The opinion of the court was delivered by: TROUTMAN
Following a four-day trial, a jury awarded damages to the minor plaintiff in the amount of twenty thousand dollars for injuries resulting from an attack upon her by defendants' dog. Plaintiffs now move to amend the judgment in accordance with Pa.R.Civ.P. 238 (Rule 238), which provides in relevant part that where defendant unreasonably refuses a settlement offer
(a) in an action seeking monetary relief for bodily injury ... the court ... shall (1) add to the amount of compensatory damages in the ... verdict of the jury ... damages for delay at ten (10) percent ... which shall become part of the verdict. (emphasis added)
See also Fed.R.Civ.P. 59(e). Defendants resist the motion on the theory that the provisions of Rule 238 are "procedural guidelines" and therefore "inapplicable" in a federal court.
Pennsylvania's Rule 238 seeks to encourage the prompt and equitable settlement of claims for personal injuries by imposing upon the defendant the obligation to engage in good faith settlement negotiations. The rule enhances plaintiff's right to be compensated promptly without resort to the full spectrum of lengthy and costly litigation. Where a plaintiff's ultimate recovery exceeds one hundred twenty-five percent of a reasonable demand Rule 238 penalizes defendants with interest at ten percent, which accrues from the date of the refusal to settle. See Marrazzo v. Scranton Nehi Bottling Co., 438 Pa. 72, 76, 263 A.2d 336 (1970). Section (e) of the rule further delineates a number of conditions which must be satisfied prior to the award of additional damages for delay. The parties do not dispute that these prerequisites for recovery have been met.
Whether Rule 238 applies to diversity actions requires reference to the doctrine of Erie Railroad Co. v. Tompkins, 304 U.S. 64, 58 S. Ct. 817, 82 L. Ed. 1188 (1938) and its progeny. In Hanna v. Plumer, 380 U.S. 460, 467, 85 S. Ct. 1136, 1141, 14 L. Ed. 2d 8 (1965), the court directed that
(choices) between state and federal law (should) be made, not by application of any automatic, "litmus paper' criterion, but rather by reference to the policies underlying Erie.
See also Roesberg v. Johns-Manville Corp., 89 F.R.D. 63 (E.D.Pa.1981).

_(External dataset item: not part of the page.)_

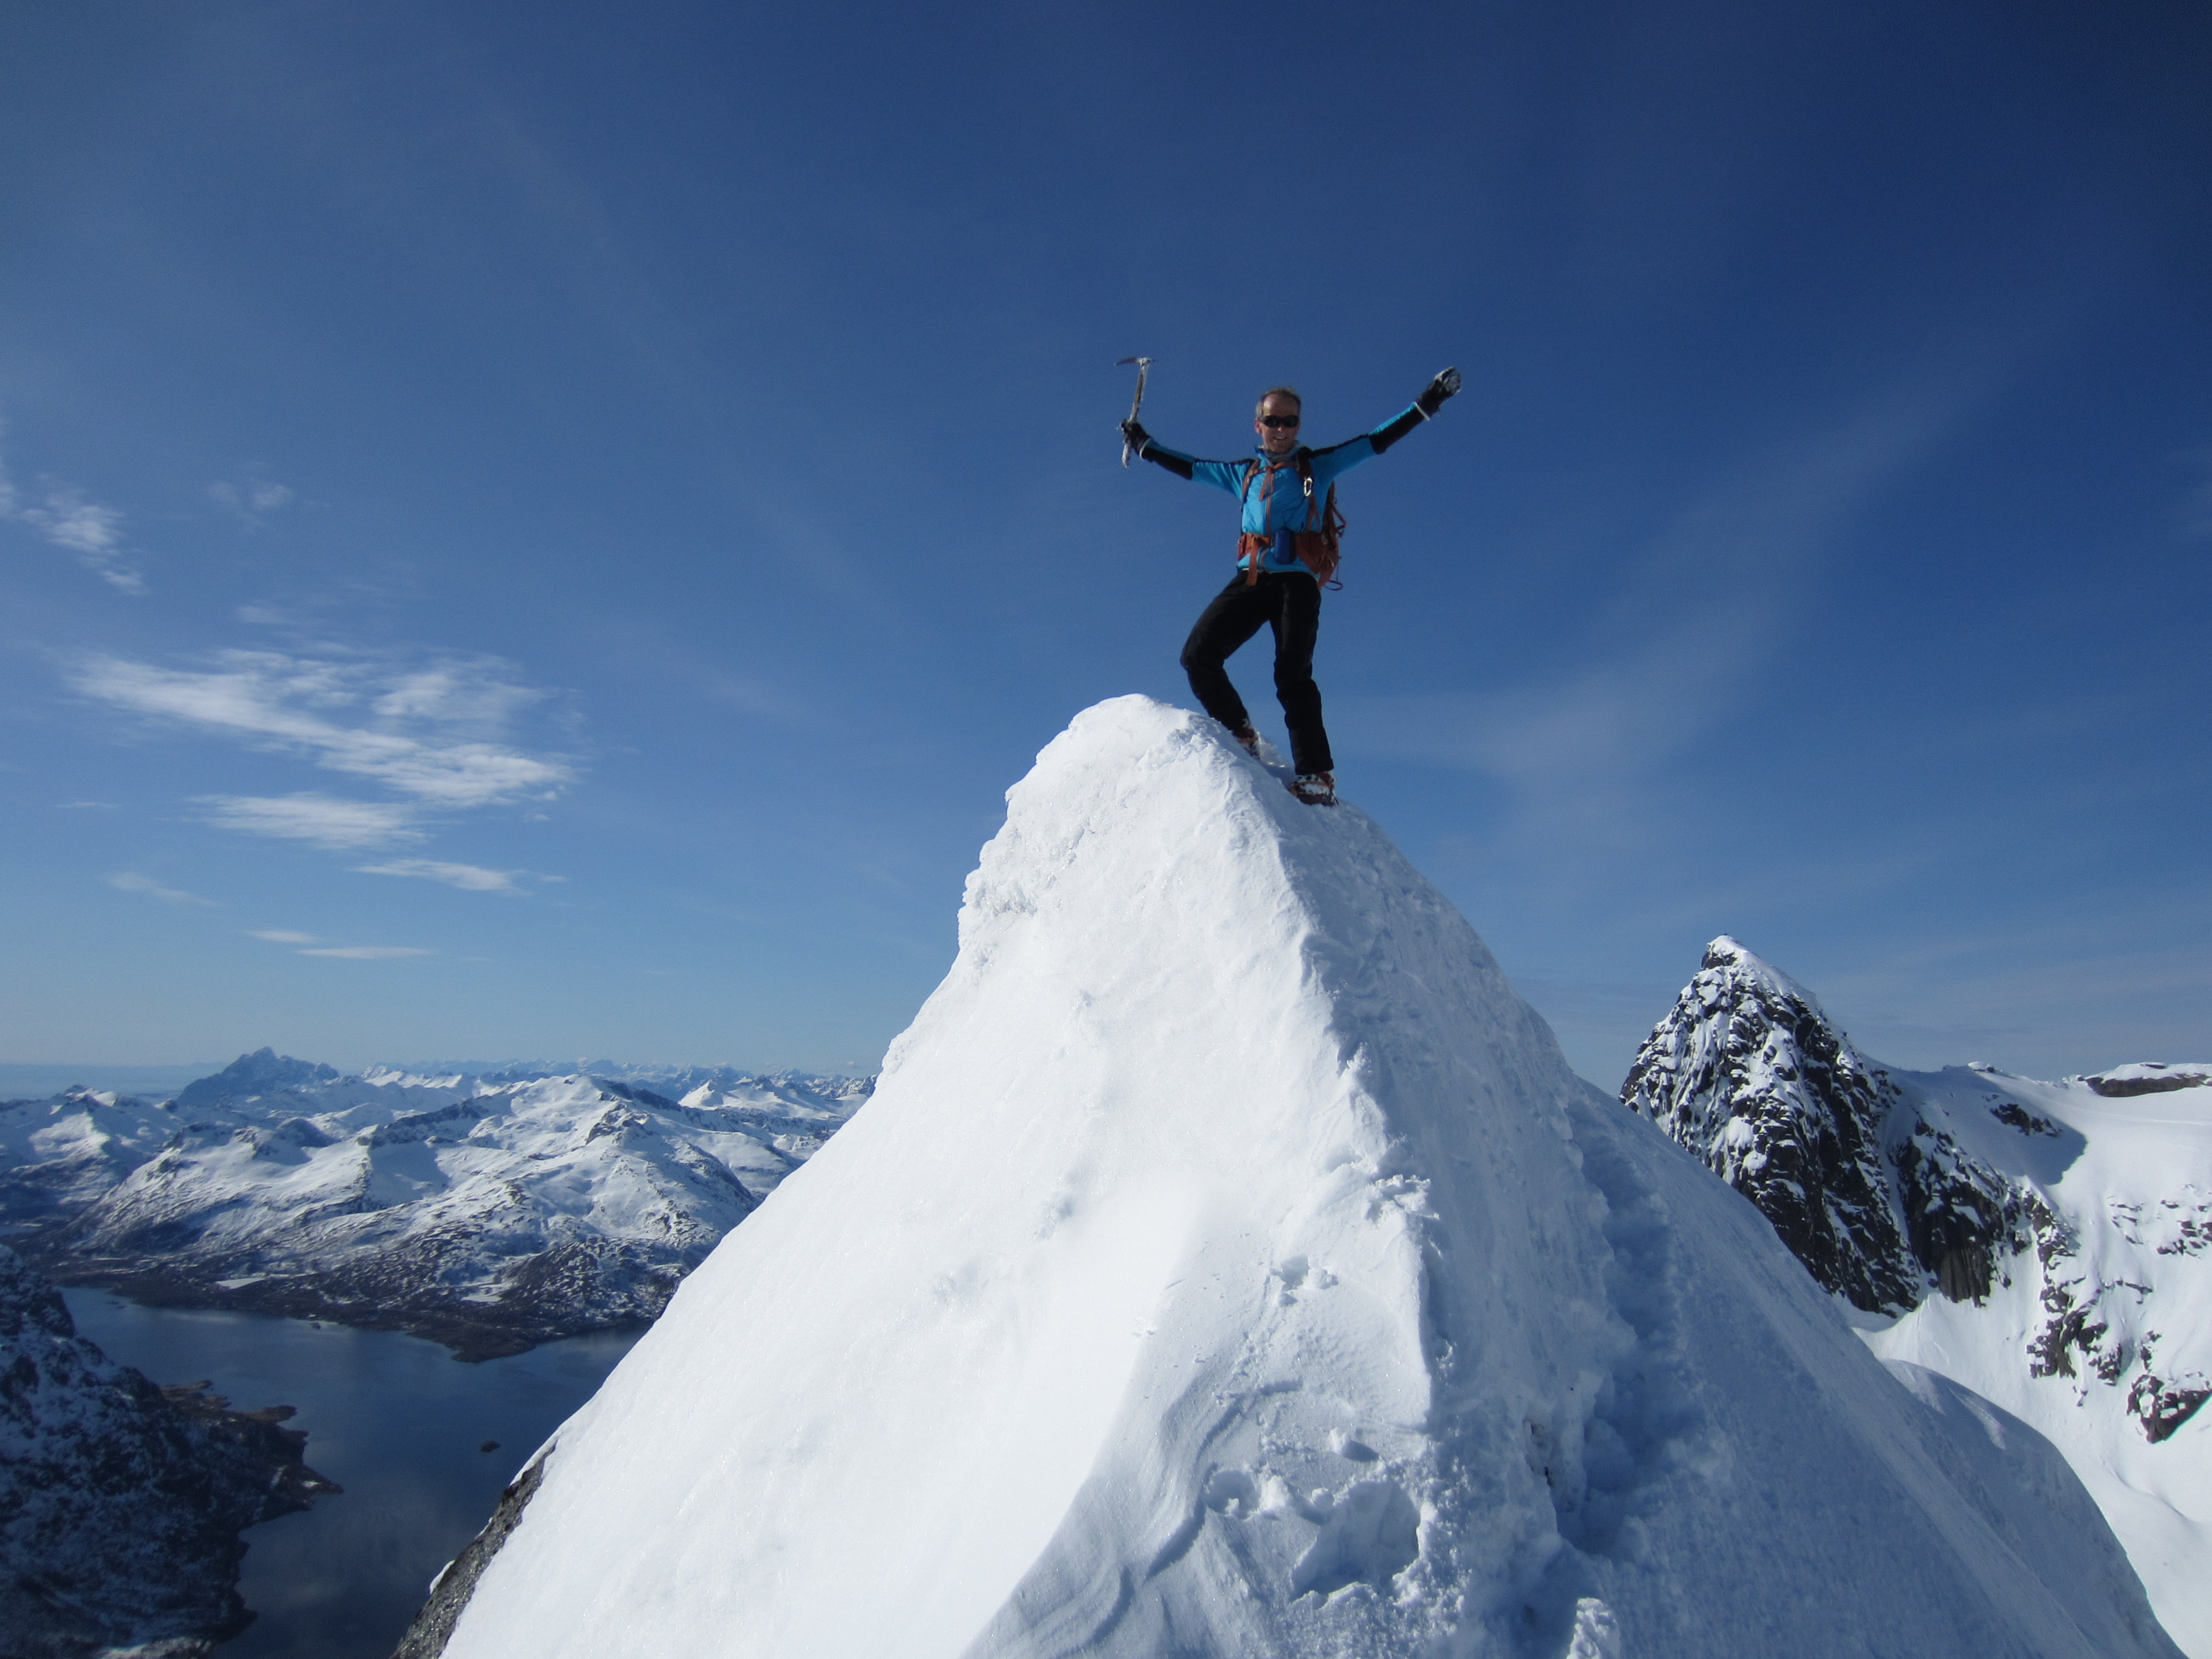 Skitourengehen im hohen Norden: Auf dem Gipfel des Trollsadellen

Labeling Rule 238 as "procedural" or "substantive" fails to address Erie's policies and effect upon diversity litigation. Walker v. Armco Steel Corp., 446 U.S. 740, 100 S. Ct. 1978, 64 L. Ed. 2d 659 (1980), Edelson v. Soricelli, 610 F.2d 131, 133 (3d Cir. 1979). Clearly, Erie provides diversity litigants with an impartial forum, not a different set of legal rules governing the merits of the dispute. Witherow v. Firestone Tire & Rubber Co., 530 F.2d 160, 164 (3d Cir. 1976). The twin aims of Erie, discouragement of forum shopping and minimizing the possibility of results varied by the mere fortuity of diversity, compels the conclusion that plaintiff may claim Rule 238 damages in a federal forum applying Pennsylvania law. See Hanna v. Plumer, 380 U.S. at 468, 85 S. Ct. at 1142, Erie Railroad Co. v. Tompkins, 304 U.S. at 74-76, 58 S. Ct. at 820-821. A contrary result would weaken Erie's first goal, discouragement of forum shopping, since state defendants, where diversity exists, could avoid the obligations and potential liabilities imposed by Pennsylvania law by removing the action to federal court. See 28 U.S.C. § 1441. Moreover, denying diversity plaintiffs damages for delay while their state counterparts may obtain them derogates from Erie's second goal, avoiding the harshness of disparate results between federal and state courts within the same state adjudicating similar claims.
The accrual of pre-judgment interest is a matter of law which federal courts are bound to follow, Roy v. Star Chopper Co., 584 F.2d 1124, 1135 (1st Cir. 1978), cert. denied, 440 U.S. 916, 99 S. Ct. 1234, 59 L. Ed. 2d 466 (1980), Nedd v. United Mine Workers of America, 488 F. Supp. 1208, 1212 (M.D.Pa.1980), and punitive damages, a matter of substantive law, must be determined by reference to state law. Griffin v. Red Run Lodge, Inc., 610 F.2d 1198, 1205 n. 7 (4th Cir. 1979). If plaintiff had pressed her claim in state court, Pennsylvania law would entitle her to Rule 238 damages; her treatment as a diversity plaintiff should be no different. Accordingly, Rule 238 damages are available to plaintiff and an appropriate order amending the judgment heretofore entered will be issued.